Bower, who was wearing a seat belt at the time of the collision in the 10400 block of Democracy Boulevard in Potomac, apparently left his house without his parents' knowledge late Friday or early Saturday. His destination was unknown. There is no indication that alcohol was a factor in the collision, but a final determination will be made following toxicology tests by the state's medical examiner in Baltimore, according to a statement issued by Montgomery County police.
"I think teenagers are going to remember this tragedy as long as they live," Walter Johnson Athletic Director Sue Amos said. "It's not going to go away. This is a life lesson, it's a part of life just like playing on a sports team, attending classes and working hard to get a diploma, it's part of the maturing process."
Playing the game was also part of the process for Bower's teammates.
"They showed a lot of courage to come out here and play as hard as they did after going through such a terrible tragedy," said Westminster Coach Jim Peters, whose team -- now undefeated at 16-0 -- signed a card and presented it to Walter Johnson's players before the game. "I can't imagine what they had to go through."
Walter Johnson's players wore helmets adorned with decals of the number 2, Bower's jersey number. They played hard throughout, with sophomore attack Joe Brody scoring with 38 seconds remaining.

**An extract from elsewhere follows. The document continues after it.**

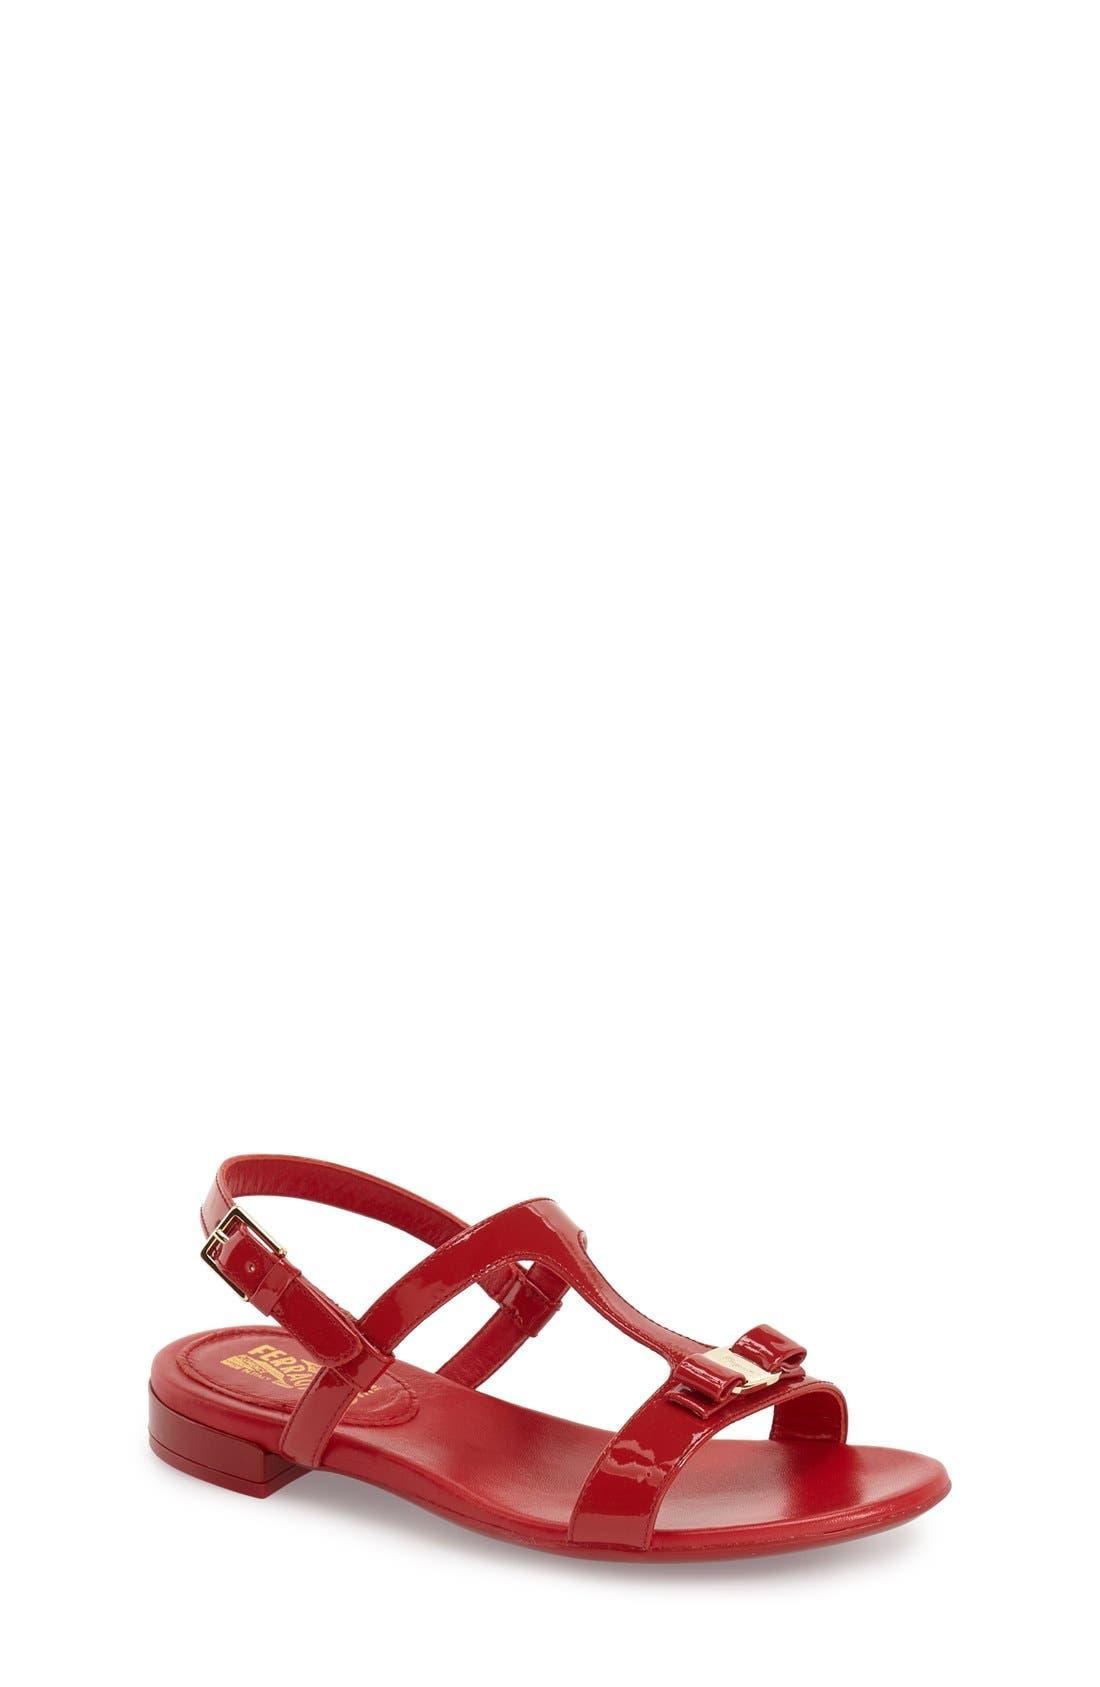 SALVATORE FERRAGAMO 'Ariel 2' Patent Leather T-Strap Sandal
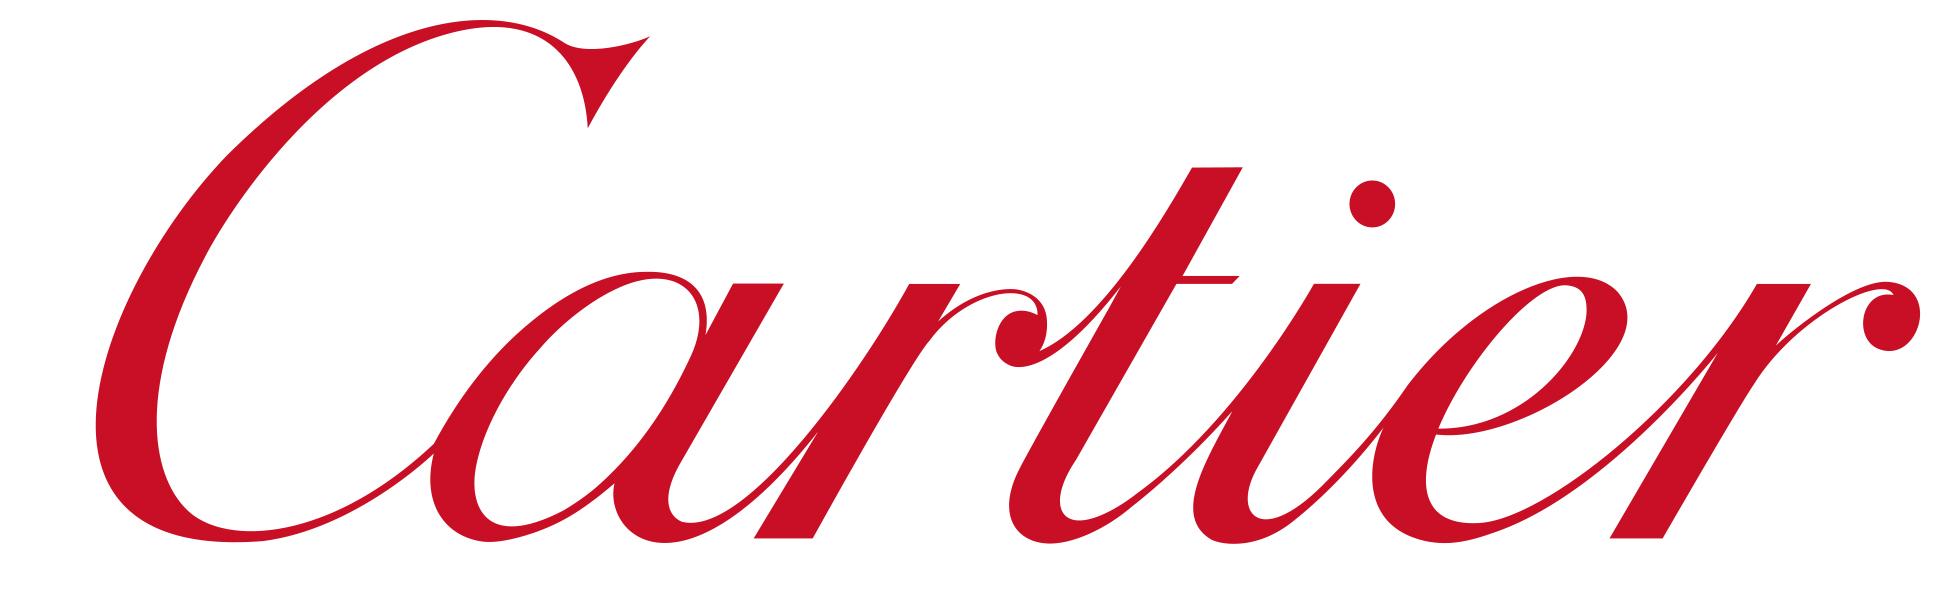 super popular a30a0 34c9b カルティエ/Cartierの店舗一覧│マイナビウエディング ...

But no Walter Johnson player was in a tougher position than senior Tim Peterson, who found himself making his first career start in goal. He had learned to play lacrosse last summer, when senior midfielder Matt Little needed a goalie to shoot on for practice.
"He was under a lot of pressure and he played well, and I couldn't be prouder of him or our team," said Walter Johnson Coach Jim Collin, whose team ended the season 13-4. "After the game, I told them that I've never been prouder as a coach here than I am right now."
The most successful boys' lacrosse season in Walter Johnson history ended last night, but all 32 players are expected to attend school today or their high school graduation ceremony on June 3. When sophomore Armen Petrosiam, who sat in the second row as the crowd chanted "We love Rod" at game's end, enters his seventh-period economics class today, there will be an empty desk in the middle of the room that will remain vacant.
"That's where Rod would sit, and today we all signed our names on his desk with a black [pen]," Petrosiam said. "Nobody said a word. We just sat there in silence. It was like one day he was there, and now he's not going to be there any more."